Stress can really do a number on our lives. There are a host of daily, stressful culprits, including:
Ring any bells? Theses are the tension-filled times of the day that we feel not only in our mind, but our body as well. The funny part is most people don't know how tense they really are until they get help. One of the best ways to ooze stress out of our bodies is a thorough massage. Unfortunately, most health insurance policies don't cover at home masseuse visits. Though, if you own a pool or spa, help can come in the form of -- hydro-therapy.
More information on aquatic therapy: Hydrotherapy is the use of powerful water jets to help relieve aching muscles or a sore back. Also, since the jets can be altered by speed and size of the stream it can offer all kinds of relief. However, before you do hydrotherapy in your swimming pool or spa, check with a physical therapist first. They can tell you the best places to aim the jets on your body. Also, what temperature (hot or cold) the water should be when using it on your aches and pains.
Aquatic Therapy is different from aquatic exercise in a few distinct ways. Aquatic Therapy focuses on rehabilitative techniques and making sure your body heals properly (from either injury, illness or surgery) Aquatic exercise, on the other hand, is performed while in good health, and focuses on endurance, strength, weight loss and recreation.
Both aquatic exercise and aquatic therapy serve different functions so be sure that you are using the right one to suit your personal needs (they are not interchangeable). You should also consult a doctor before using either of these programs—water resistance is not for everyone.
Don't wait to get healthy! If you are in need of physical therapy or rehab, aquatic therapy allows you to begin a routine much earlier than non-aquatic methods. Due to the buoyancy, controlled temperatures, and low impact properties, aquatic therapy can be taken advantage of earlier than normal therapy.
*If you are looking for the quickest route to health, this is a good option because you can start right away!
Some helpful information on aquatic therapy starts with choosing belts. We are not unisex creatures that wear silver jumpsuits; we are a collection of different male and female body types.

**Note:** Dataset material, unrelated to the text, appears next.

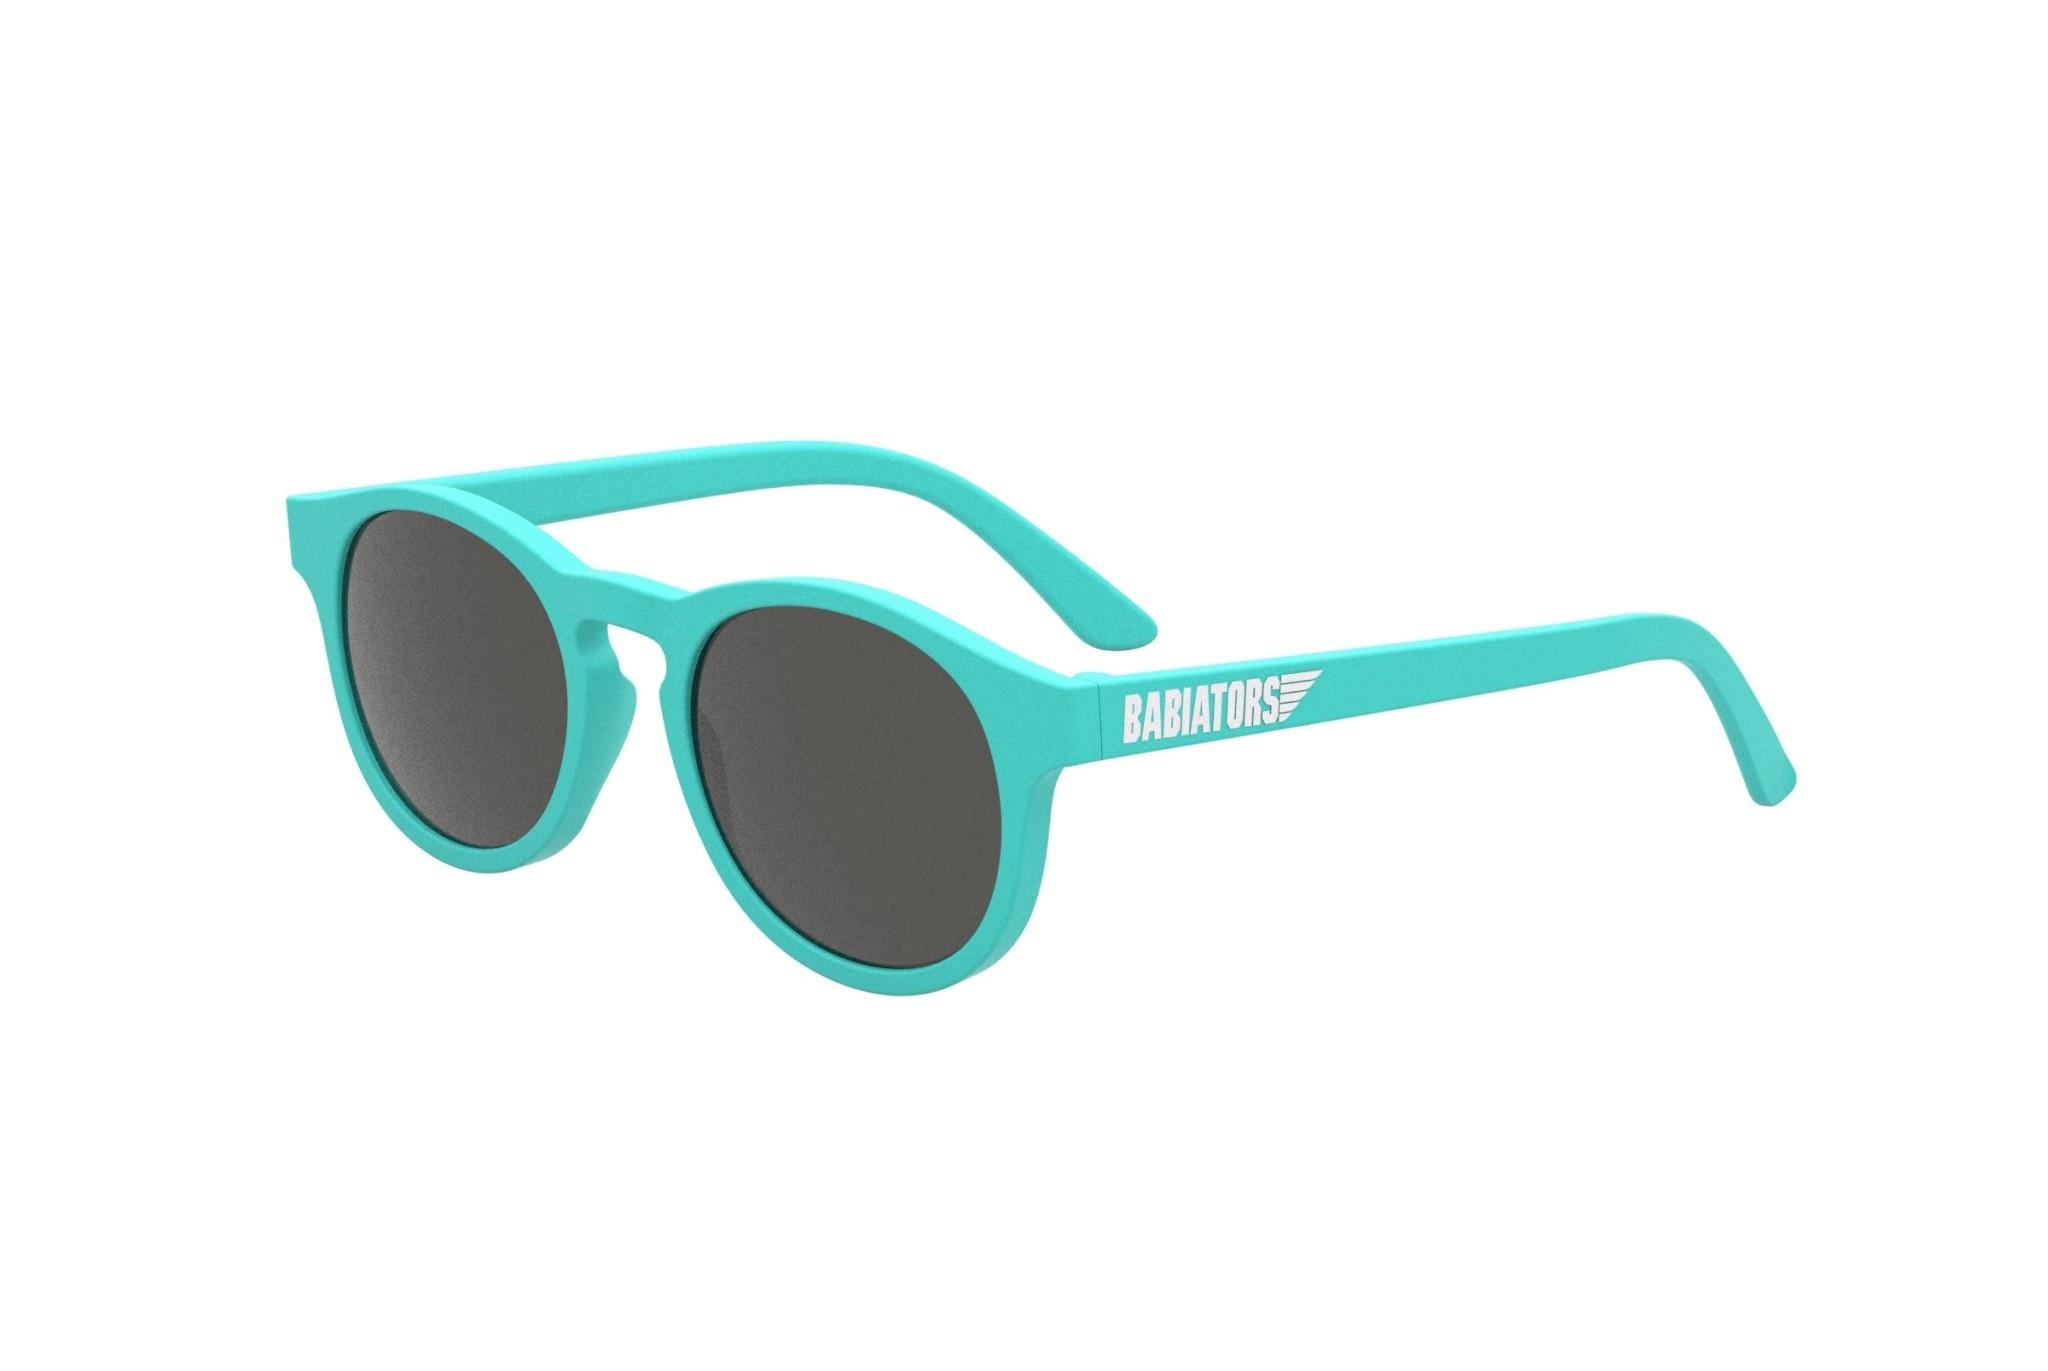 Keyhole Style Sunglasses - Totally Turquoise

Aside from bowling shoes, pretty much all clothing and apparel manufacturers recognize this fact. Even when it comes to aquatic therapy items like buoyancy belts (aka: flotation belts).
Buoyancy belts are devices that keep you stable during aquatic therapy exercises. Women's belts are generally narrower than those of men. And, men usually need a bit more belt to help them stay afloat. Manufacturers of these belts also produce belts based on other characteristics like children's sizes or for women who are pregnant.

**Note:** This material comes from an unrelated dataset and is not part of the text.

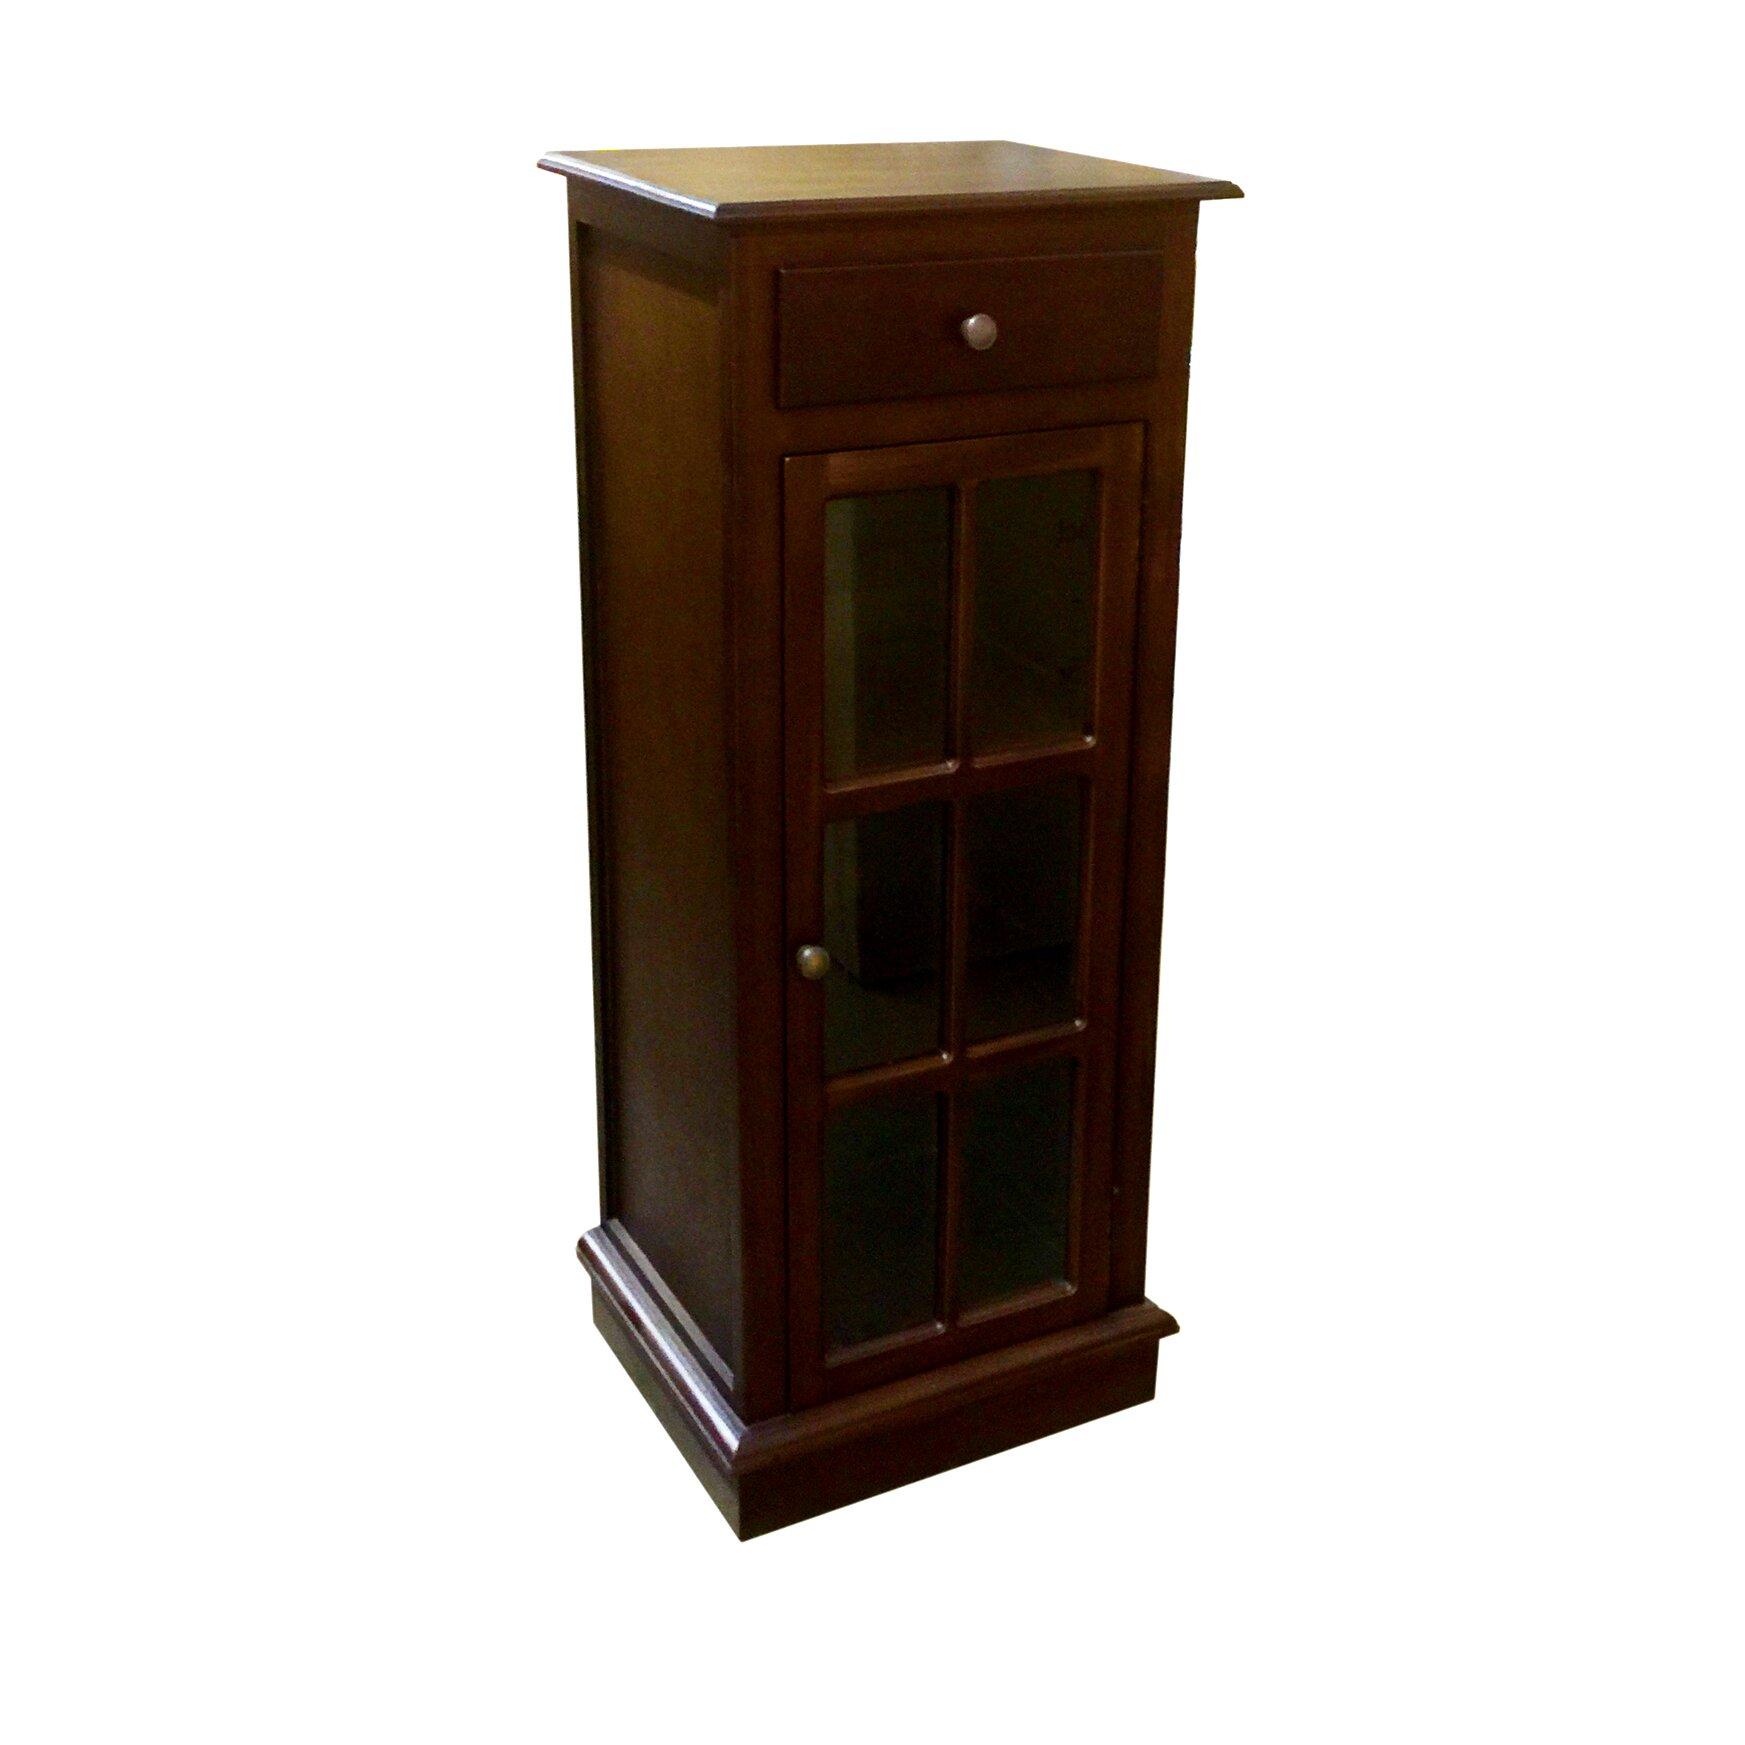 Wichita cabinet and

*Before you grab a belt be sure it's right for you!
Ever try running really fast in a pool? Next to impossible, right? That's because water is causing the resistance, which essentially is the idea behind aquatic therapy (using resistance to work the muscle).
Not everyone is built the same. So some people will have an easier time with movement during swimming pool exercises than others. If it becomes too easy, people can actually wear water gloves or water shoes that add resistance. This is either done by adding surface area (creating webbed gloves) or by adding weights to the shoes.
*Make sure you check with a professional to find out if extra resistance is what you need or can handle. The benefits of aquatic therapy are many, but not you need to cater your therapy to your needs.
Water weight is good! Aquatic therapy is always advantageous, but adding a counter-current pool to your routine has a synergistic effect. The current that flows against you increases the resistance even further. Increased resistance can allow for certain rehabilitations to proceed much quicker, with much more efficiency.
*Some medical conditions can be aggravated by aquatic therapy so be sure you consult a doctor before starting this program.